Wenn Shopware als Zielplattform ausgewählt wird, muss die Vorbereitung deutlich mehr leisten als einen vollständigen Datenexport. Sie muss nachvollziehbar machen, wie Quelldatensätze mit Vertriebskanälen, Products und Varianten, Properties, Custom Fields, Customers, Orders, Shopping Experiences, Regeln, Medien, URLs, Erweiterungen und externen Systemen zusammenhängen. Das ist besonders wichtig, weil dasselbe Product in mehreren Vertriebskanälen erscheinen kann, Varianten Werte vom Parent erben oder überschreiben können, Properties sowohl Filterung als auch Variantenerzeugung unterstützen und kommerzielles Verhalten von zugewiesenen Regeln abhängen kann.

Jede Vorbereitungsmaßnahme braucht eine verantwortliche Person oder Rolle, ein konkretes Nachweisdokument und eine eindeutige Bereitschaftsbedingung. Gleichzeitig muss die Vorbereitung Quellnachweis von der späteren Zielimplementierung trennen. Product-Beziehungen, historische Order-Zusammenhänge, bestehende URLs, externe Identifikatoren und erweiterungseigene Datensätze gehören zur Migrationsvorbereitung. Live-Zahlung, Versand, Steuerlogik, Abläufe, Theme-Verhalten und die operative Konfiguration der Vertriebskanäle bleiben dagegen Zielimplementierung und müssen in Shopware separat eingerichtet und geprüft werden.

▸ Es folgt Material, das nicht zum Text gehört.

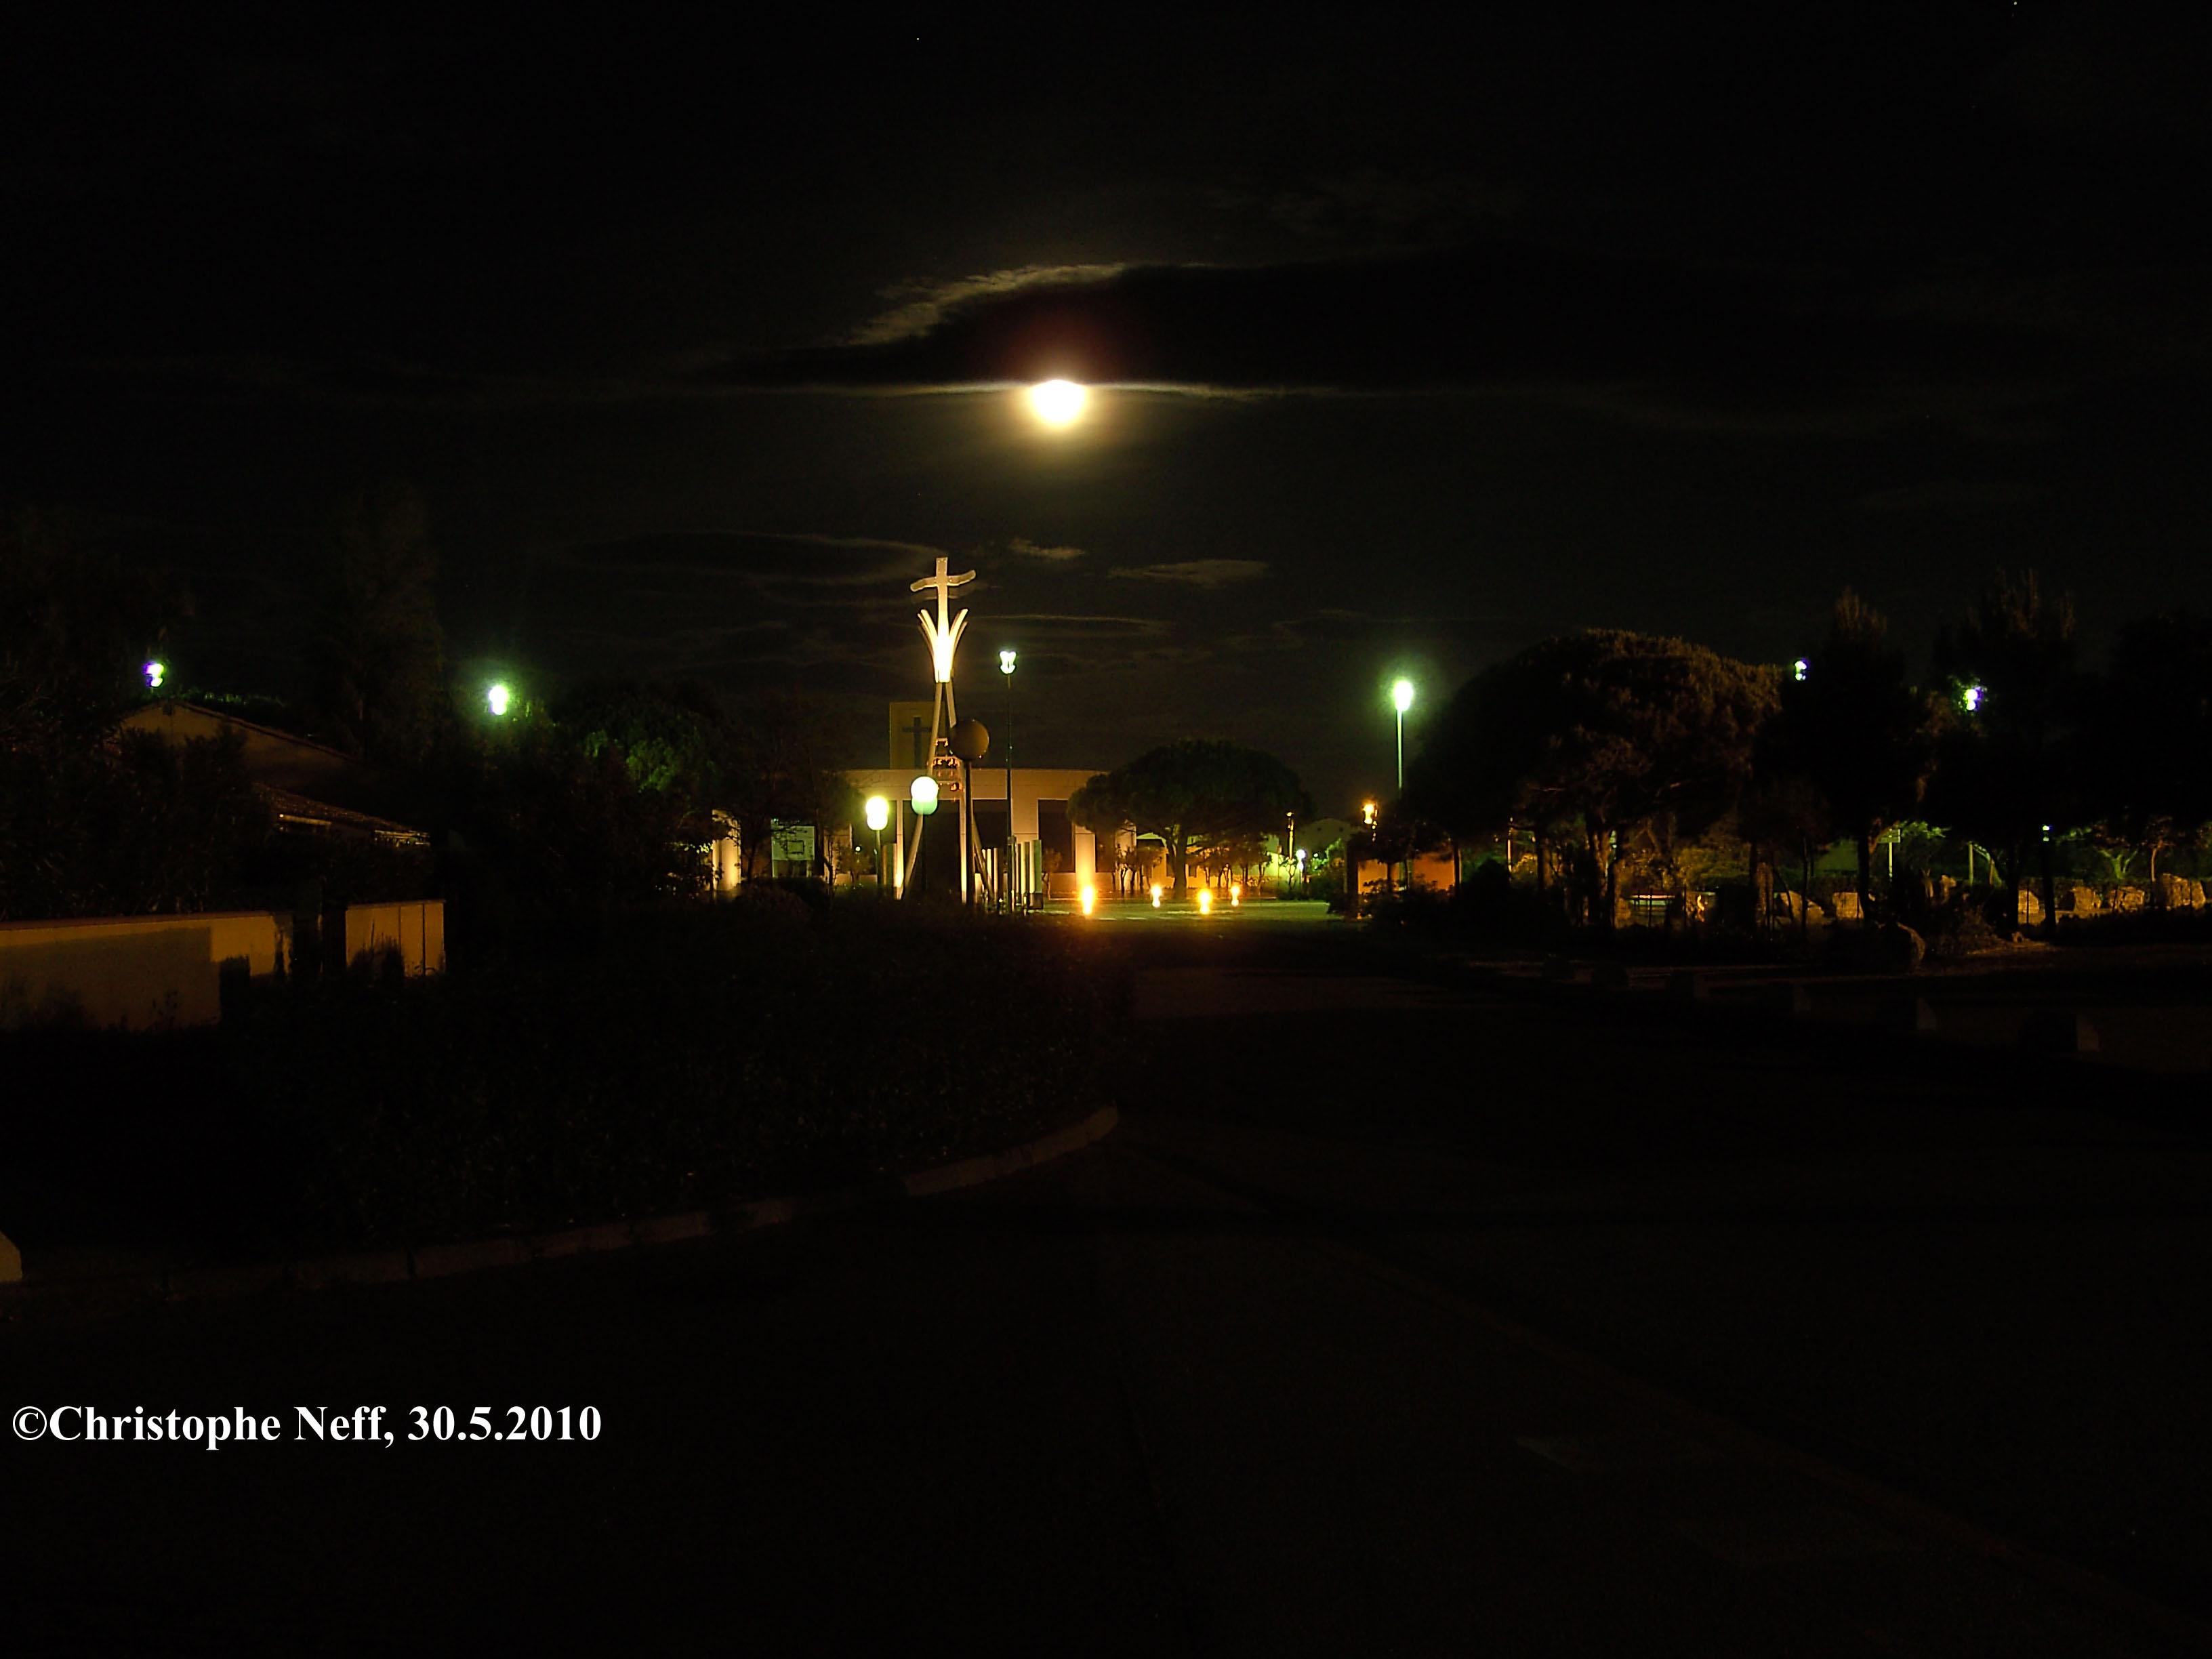 St. Jacques Port Leucate 29.5.2010 0H35
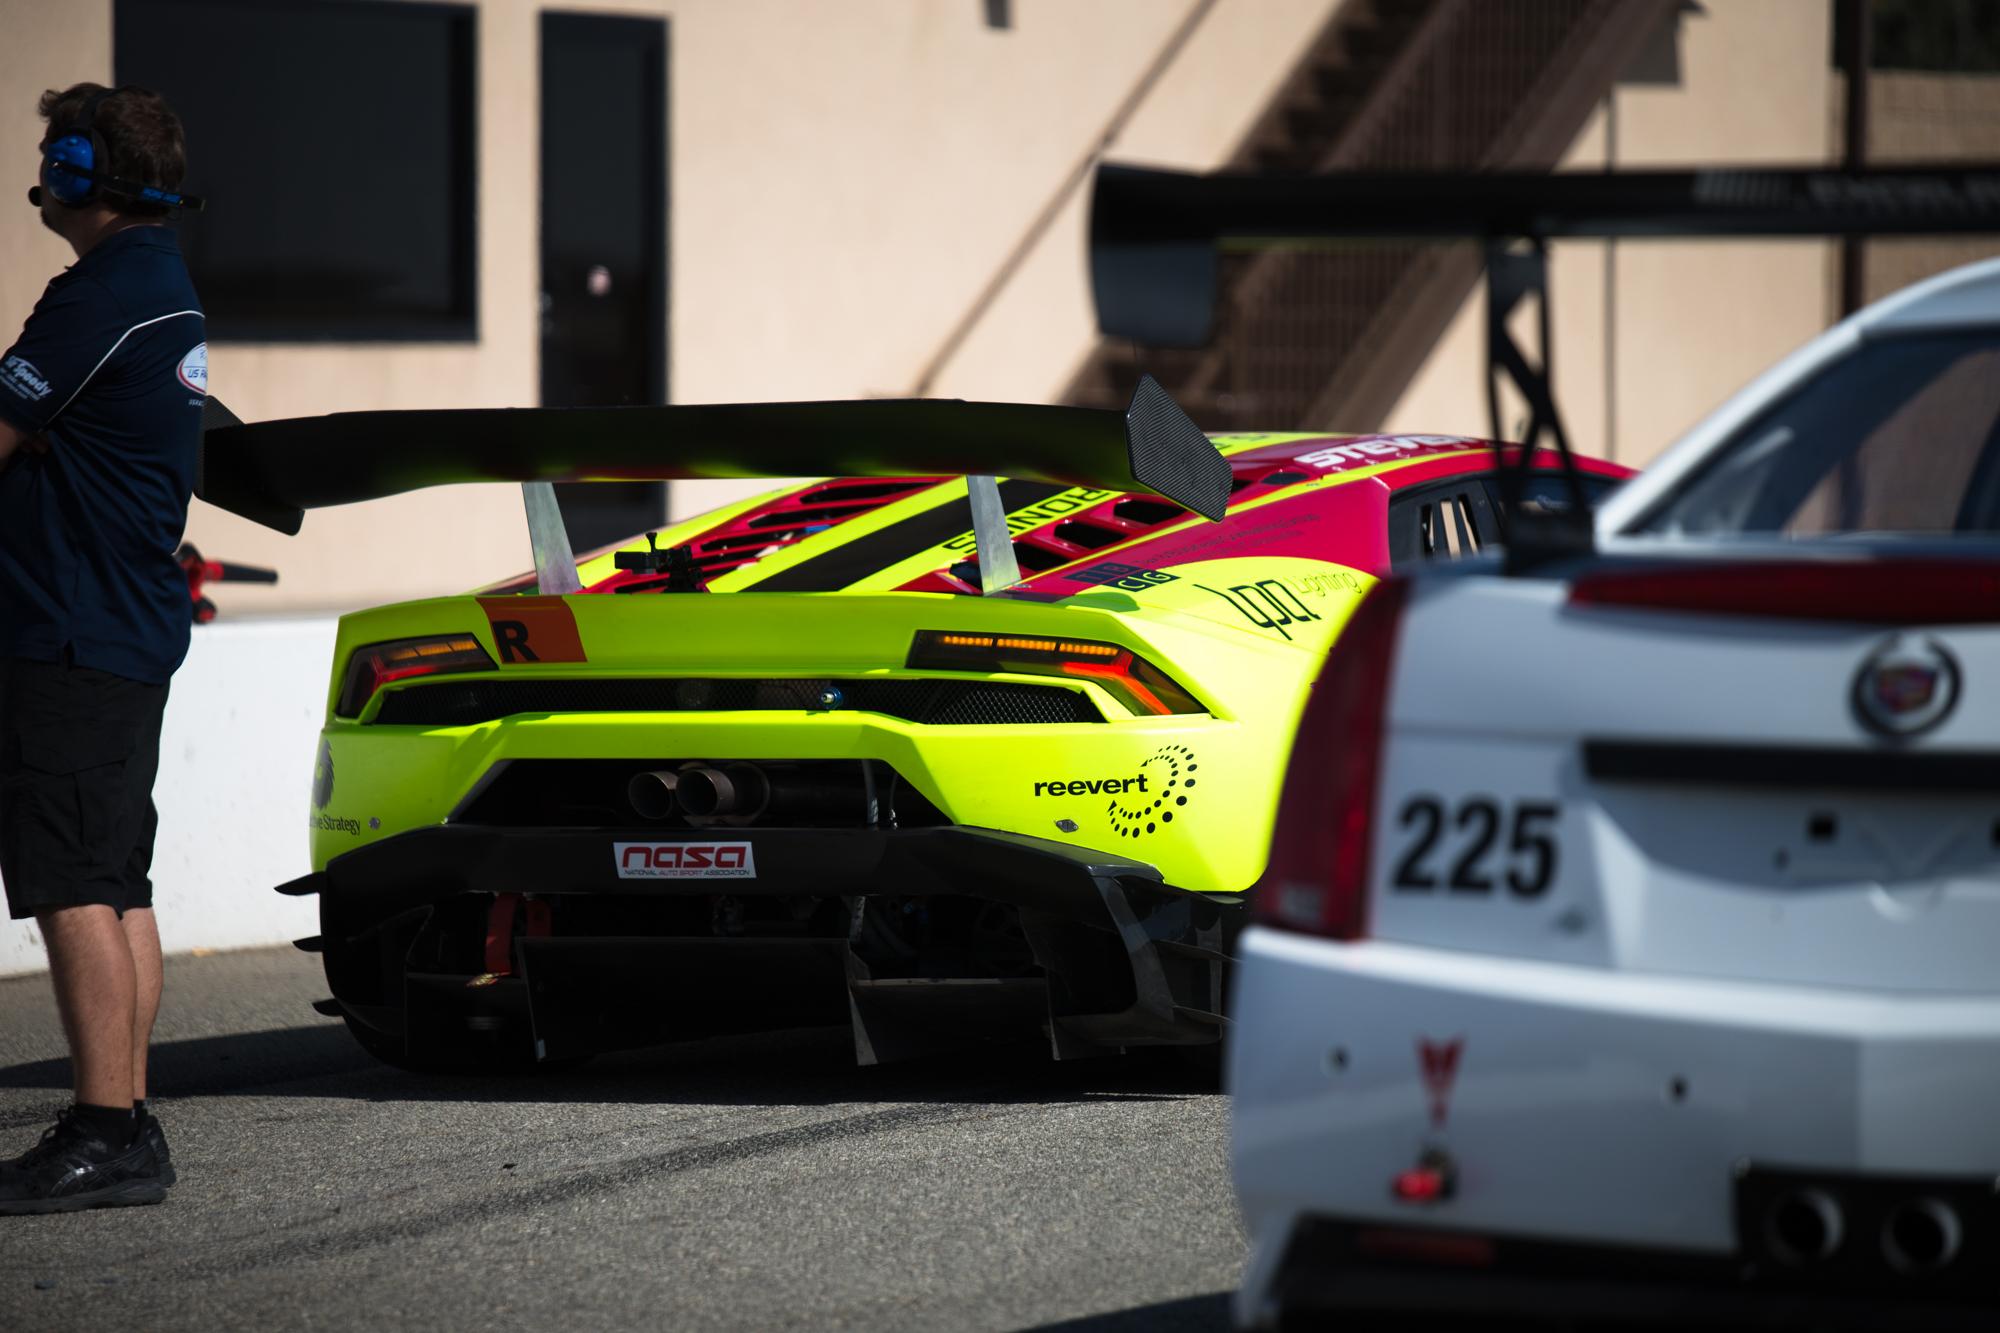 Steven-Racing-20171027-53663.jpg

Shopware-, Hosting-, Datenbank- und Dateizugänge absichern

Bestätigen Sie den Zugriff auf die Shopware Administration, Hosting- oder Cloud-Verwaltung, die Datenbank soweit verfügbar, Anwendungsdateien, Medienspeicher, geplante Tasks, Integrationszugänge und die Erweiterungsverwaltung. Dokumentieren Sie Shopware-Version, Bereitstellungsmodell, bei Self-Hosted-Installationen PHP- und Datenbankumgebung sowie aktive Vertriebskanäle, Sprachen, Währungen, Erweiterungen, Custom Code und verbundene Systeme.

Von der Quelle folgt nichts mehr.